Unidad Ejecutora - UE
congresos y reuniones científicas
CARDIAC APOPTOSIS IN THE PREDIABETIC HEART: CaMKII , Ca MISHANDLING AND MITOCHONDRIA DYSFUNCTION
SOMMESE L ; DEDMAN J; MATTIAZZI A; ZANUZZI C; KAETZEL M; PALOMEQUE J; FEDERICO M; PORTIANSKY E; WHERENS X
Congreso; ISHR XXIII World Congress; 2016
The mitochondria is a well-known intermediate of apoptosis, which is one of the more important steps leading to heart failure (HF). This disease occurs more frequently in people with type 2 diabetes than in the general population.
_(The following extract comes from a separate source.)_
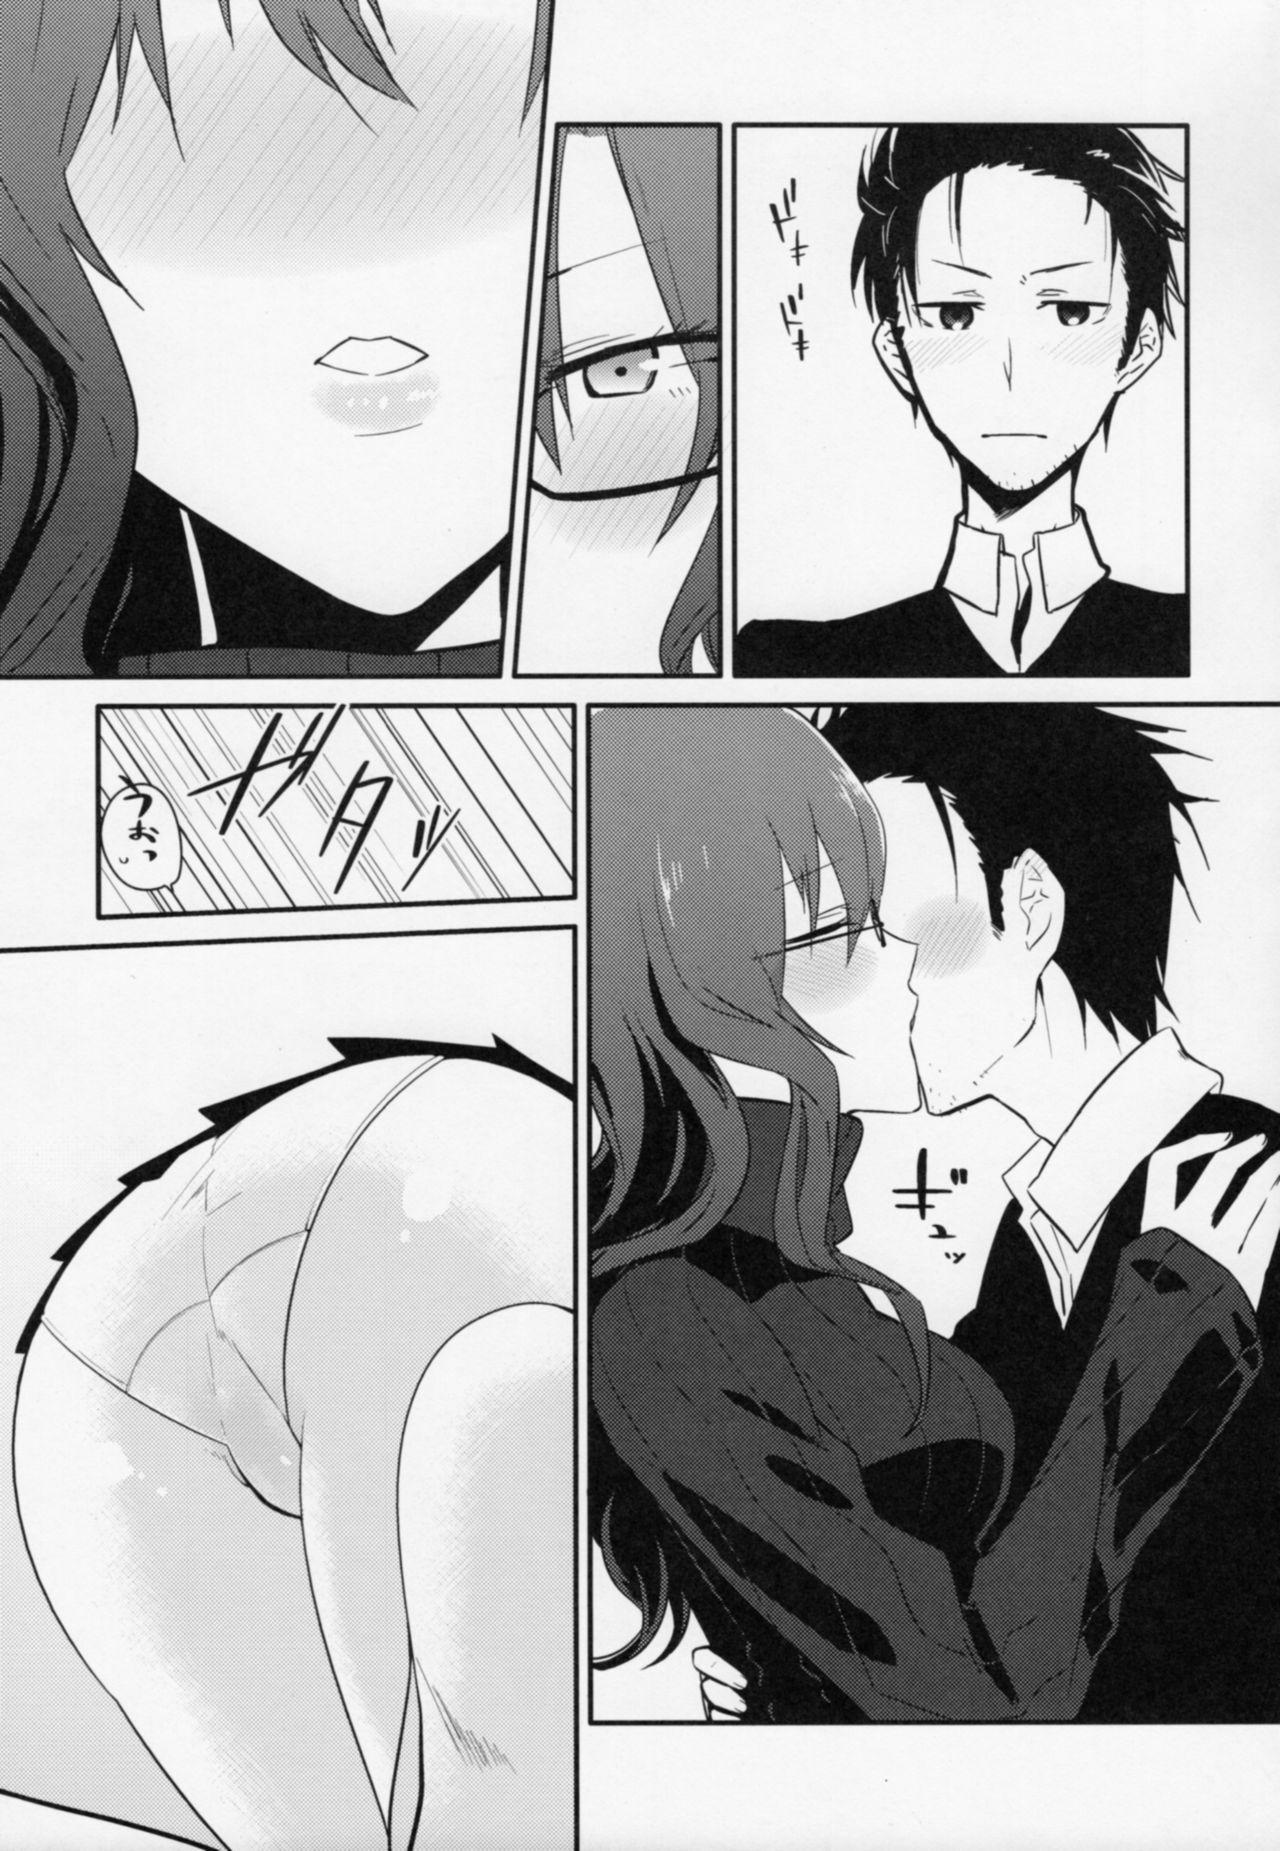 Blackmail Communication Syndrome - Steinsgate Macho - Page 9

However, cardiac apoptosis has not been previously evaluated at the prediabetic state. Since CaMKII is involved in cardiac apoptosis and Ca2+ mishandling, the aim of the present study was to evaluate the presence of cardiac apoptosis in a prediabetic model (PM) induced by a fructose-rich diet (FRD) in rats or mice and the putative link with CaMKII activity and mitochondria dysfunction. FRD rats showed decreased contractility (echocardiography) and increased CaMKII (P-CaMKII 191.6±18.3%), and ROS (185.4±28.6%) with respect to control diet (CD) rats (100%). Moreover, the apoptotic ratio Bax/Bcl2 increased in FRD vs CD rats (273.6±39.7%) as well as TUNEL positive nuclei. Mitochondria from FRD rats showed significant more swelling (DO 0.34±0.05 CD vs 0.53±0.03 FRD), enhanced mitochondria membrane depolarization and mitochondria Ca2+ content than CD rats. Moreover, myocytes from FRD rats significantly increased sarcoplasmic reticulum (SR) Ca2+ leak vs CD myocytes. In Wild Type (WT) mice, collagen type III increased in FRD (27.06±5.24%) with respect to CD (13.33±1.23%) hearts. FRD SR-AIP mice (which express the CaMKII autocamtide inhibitory peptide [AIP] at the SR membranes) showed less TUNEL positive nuclei and no change in collagen type III than FRD WT mice. Co-treatment with tempol, a membrane permeable ROS scavenger, decreased apoptosis, collagen type III as well as SR Ca2+ leak in FRD WT mice. Moreover, mitochondria swelling could be also prevented in S2814A mice, which ryanodine receptor (RyR2) cannot be phosphorylated by CaMKII. The results would indicate a causal link between CaMKII activation by increased ROS, SR Ca2+ leak produced by CaMKII-dependent phosphorylation of RyR2 and mitochondria damage induced by Ca2+ overload.